Friday, May 25, 2012

Walking in the Dark

Have you ever felt as though you were walking in the dark? Meaning, traveling and unsure of your direction? When this happens, what do you do? I double check the address and my GPS to make sure I keyed in the correct address. In life, this is usually the case but what if you're unsure of the direction you should be going?

That's kinda how I feel right now. I mean, I understood some of the things God told me to do but then there are others that I'm really not sure about. For instance, I previously worked as a Juvenile Probation Officer for approximately three years, I left for three years. Now, I'm back. Initially, this was my assignment. Fresh out of college, it was my first professional job. I loved it. I met GREAT people. :) I also learned a lot. It made me realize that my passion was in the Social Work arena. I decided to leave for better pay and direct social work. The new job lasted eight months but that's neither here nor there.

During the course of the three years when I was away from my Probation job, I was finding my way, trying to learn how to run a business (full-time). Check it out: www.creativepartydesigning.com.  For the most part, I did a good job. What I didn't like was that the pay wasn't consistent. I was so consumed with getting consistent pay, I thought I was doing something wrong. I later realized that when you work for yourself, you have to put in 10x's the work you would if you were working for someone else. I was doing that BUT the money wasn't coming in the way I wanted. At one point, my condo went into foreclosure status. I still kept a smile, still paid my tithes and still told God "Thank you." I knew he had my back even though I was kinda nervous. God worked it out for me.....I kept my home and my mortgage is significantly lower than what it was.

I prayed and I prayed for a job because I got tired of not having a consistent paycheck while everyone around me was receiving just that. I mean, I made money and I was able to pay my bills but I got tired of the past due phone calls, payment arrangements and such. Soooo now I'm back at this job, consistent pay but my businesses are failing and I realize this job doesn't give two cents about me. They want the work done and that's it. My businesses are failing because I don't have the time to dedicate to them like I've had in the past. I have to focus on punching the clock for an agency that I will never reach a six figure salary because there's no room for advancement. Now my question stands, do I leave (again) or do I stay? That's my darkness.

I now realize that I'm just different (from those around me). Everyone around me is not like me. So what that they get a consistent paycheck and I don't?! I believe that's what their hearts desired but not mine. My heart desires more. My heart, as well as God, desires me to be great and to create that greatness for myself then help others strive for their greatness! He didn't tell me I would be sitting behind a desk, complaining everyday about how much I don't want to be back working there, being away from my children basically ALL DAY and...I can go on and on and on about how I don't want to be there but I won't.

I feel that I'm walking in the dark because I'm trying to understand what God is telling me to do. Truth of the matter is, God didn't tell me to go back to the job. I consistently prayed, cried and was sometimes upset with God about my financial situation. We must be careful what we pray for. God will definitely give us EXACTLY what we ask for and sometimes it's not even what he had in store. God's will for us is so much greater than our own.
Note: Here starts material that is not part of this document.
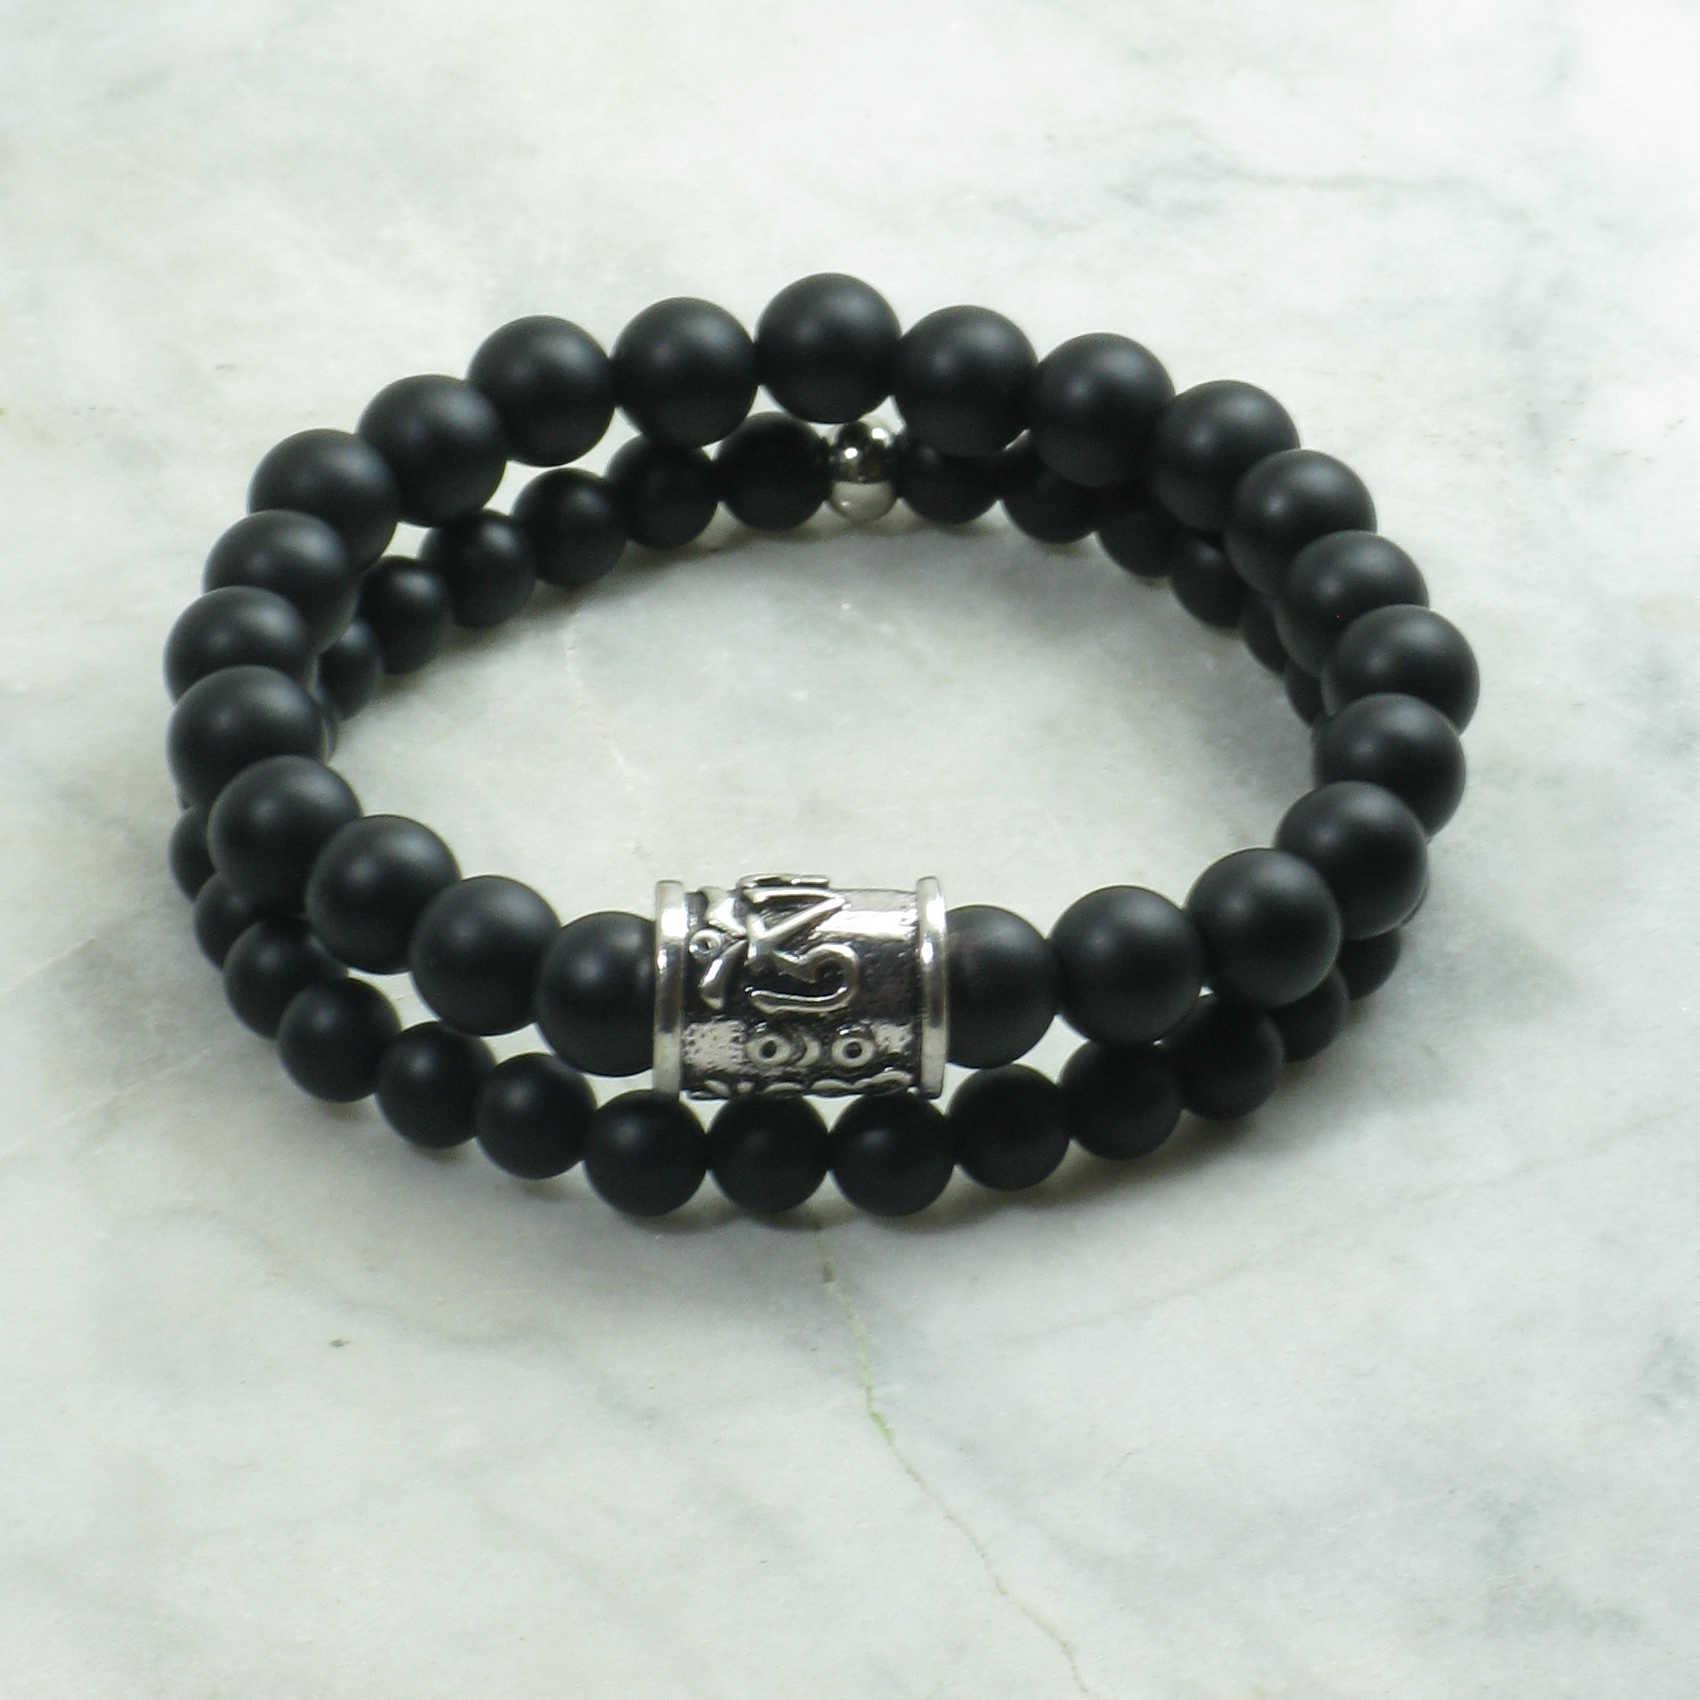 nichiren bracelets for black agate mala mala

I guess we have to test him. This isn't the only thing I prayed for that I wish was easy to give back but I won't discuss that here, at least not in this topic. I'm sure it will come later down the line. When it's not God's plan to give us something and we keep asking for it and we're persistent, we get it just how it is. Not completely ready, kinda like a half baked cake. On the outside, it appears to be ready but on the inside, it's still gooey and sticky, it's still baking and it takes time to be completely done.

I tell myself everyday, God didn't desire this of me. He told me I would be great. I'm ambitious, I'm intelligent, I'm outgoing and I should do something with it! He told me me and HIM would take over the world together and we would be THAT power couple.

If you're hearing a message from the Lord, LISTEN. Just be quiet and LISTEN. He always speaks and he always knows what's best for all of us. I thought this was what he wanted me to do. I'm listening now. I'm just waiting on him to speak. I know this wasn't what he wanted for me, I'm just trying to clearly understand exactly what I need to do.

Are you walking in the dark?

*Picture courtesy of www.flickriver.com.